*Task to carry out:* Transcribe the whole listing below. Pictures do not go in the copy.

======== The data ========

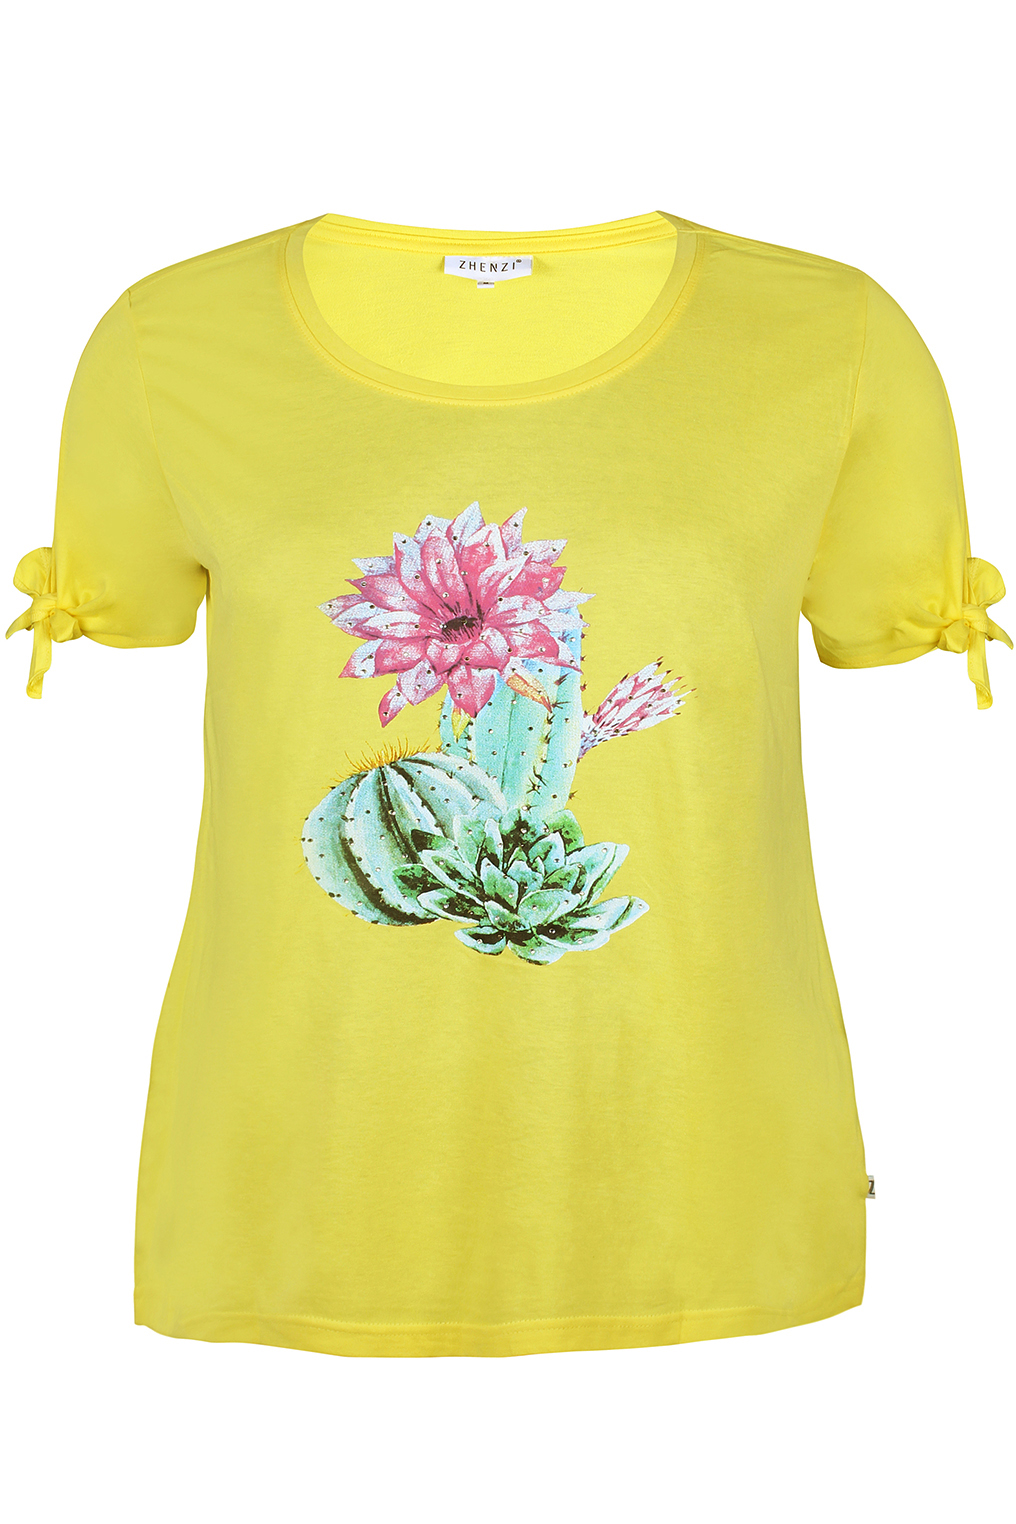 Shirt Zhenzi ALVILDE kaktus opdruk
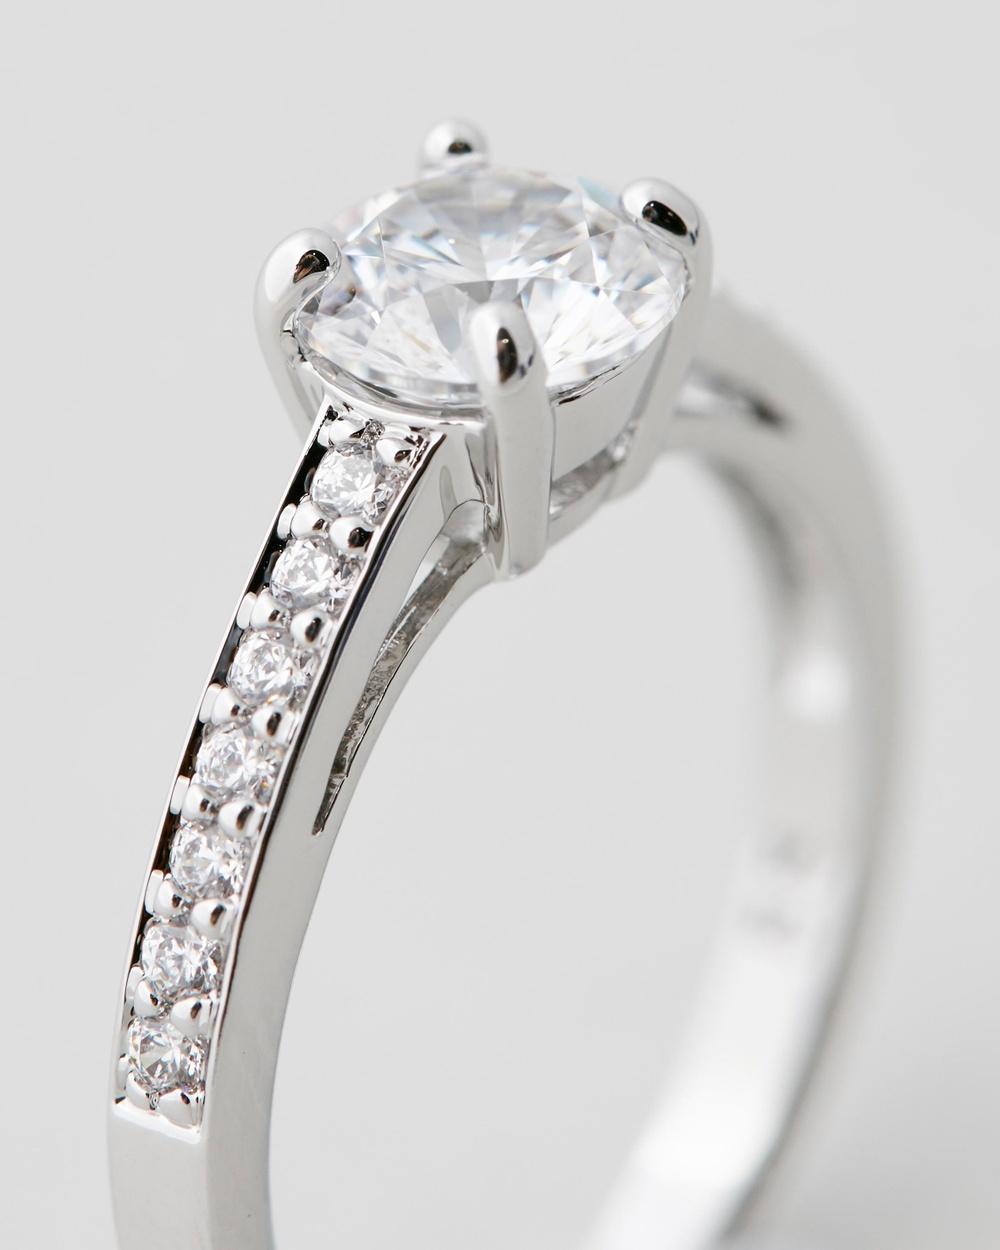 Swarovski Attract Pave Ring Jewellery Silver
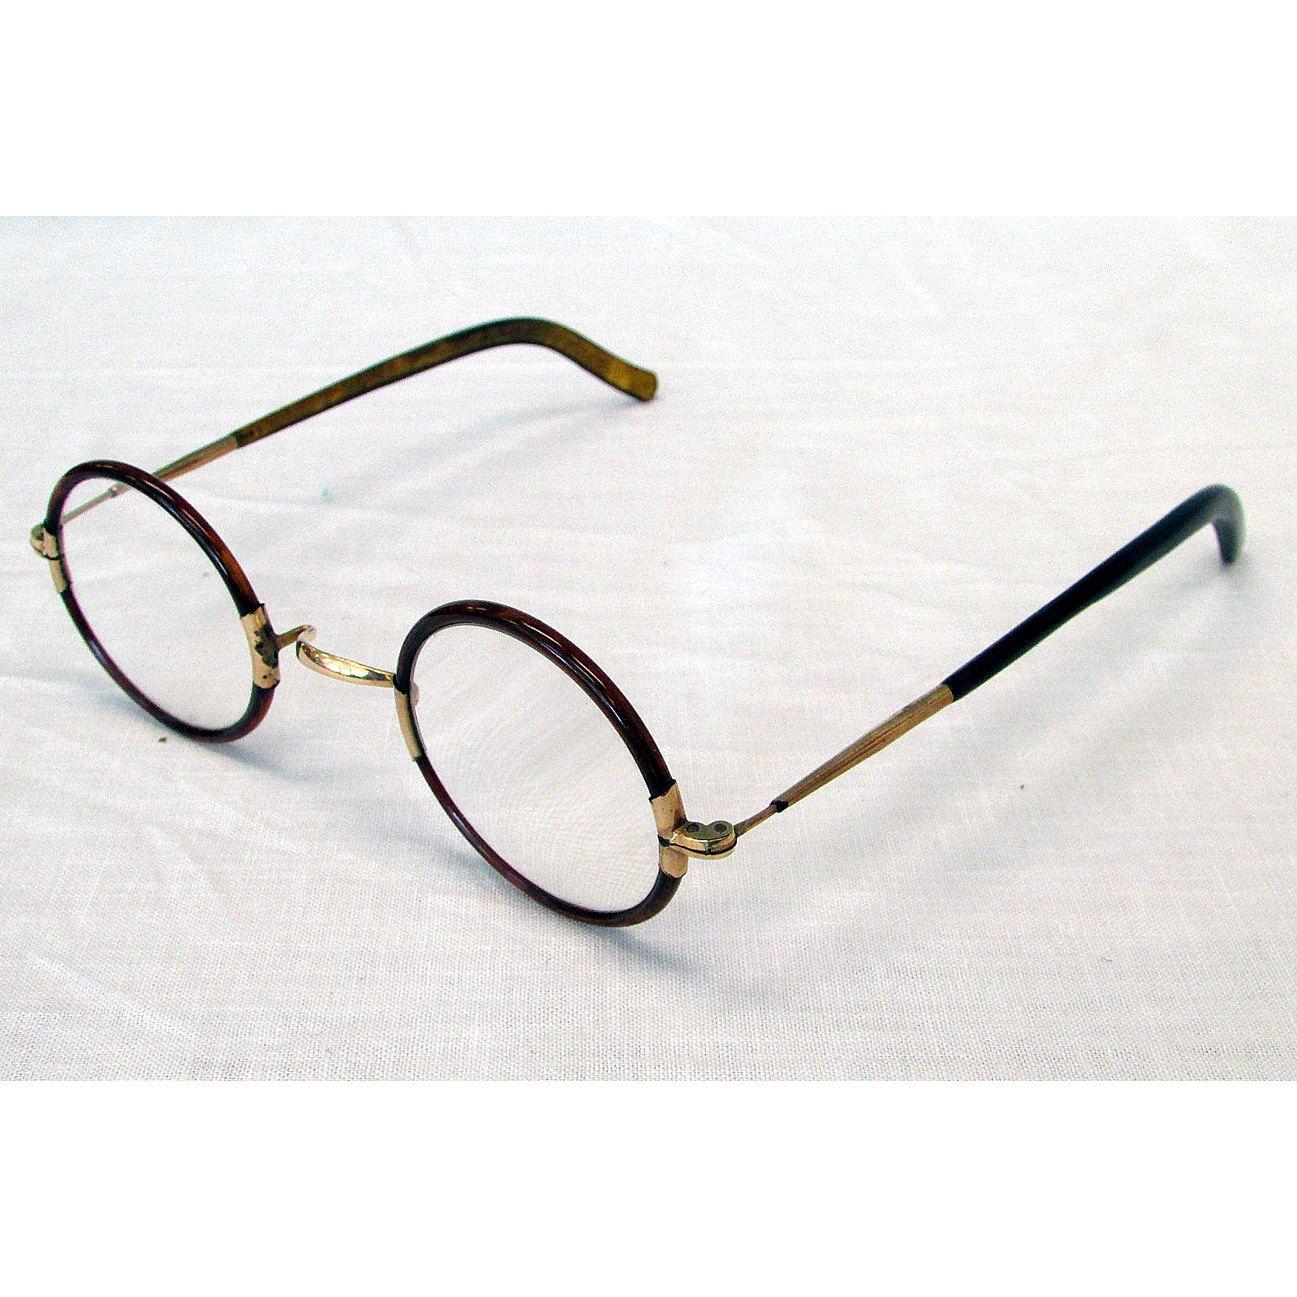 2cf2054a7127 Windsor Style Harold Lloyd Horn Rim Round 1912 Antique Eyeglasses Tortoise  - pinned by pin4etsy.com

========

*Answer for this exercise:*
 Shirt Zhenzi ALVILDE kaktus opdruk
 Swarovski Attract Pave Ring Jewellery Silver
 2cf2054a7127 Windsor Style Harold Lloyd Horn Rim Round 1912 Antique Eyeglasses Tortoise  - pinned by pin4etsy.com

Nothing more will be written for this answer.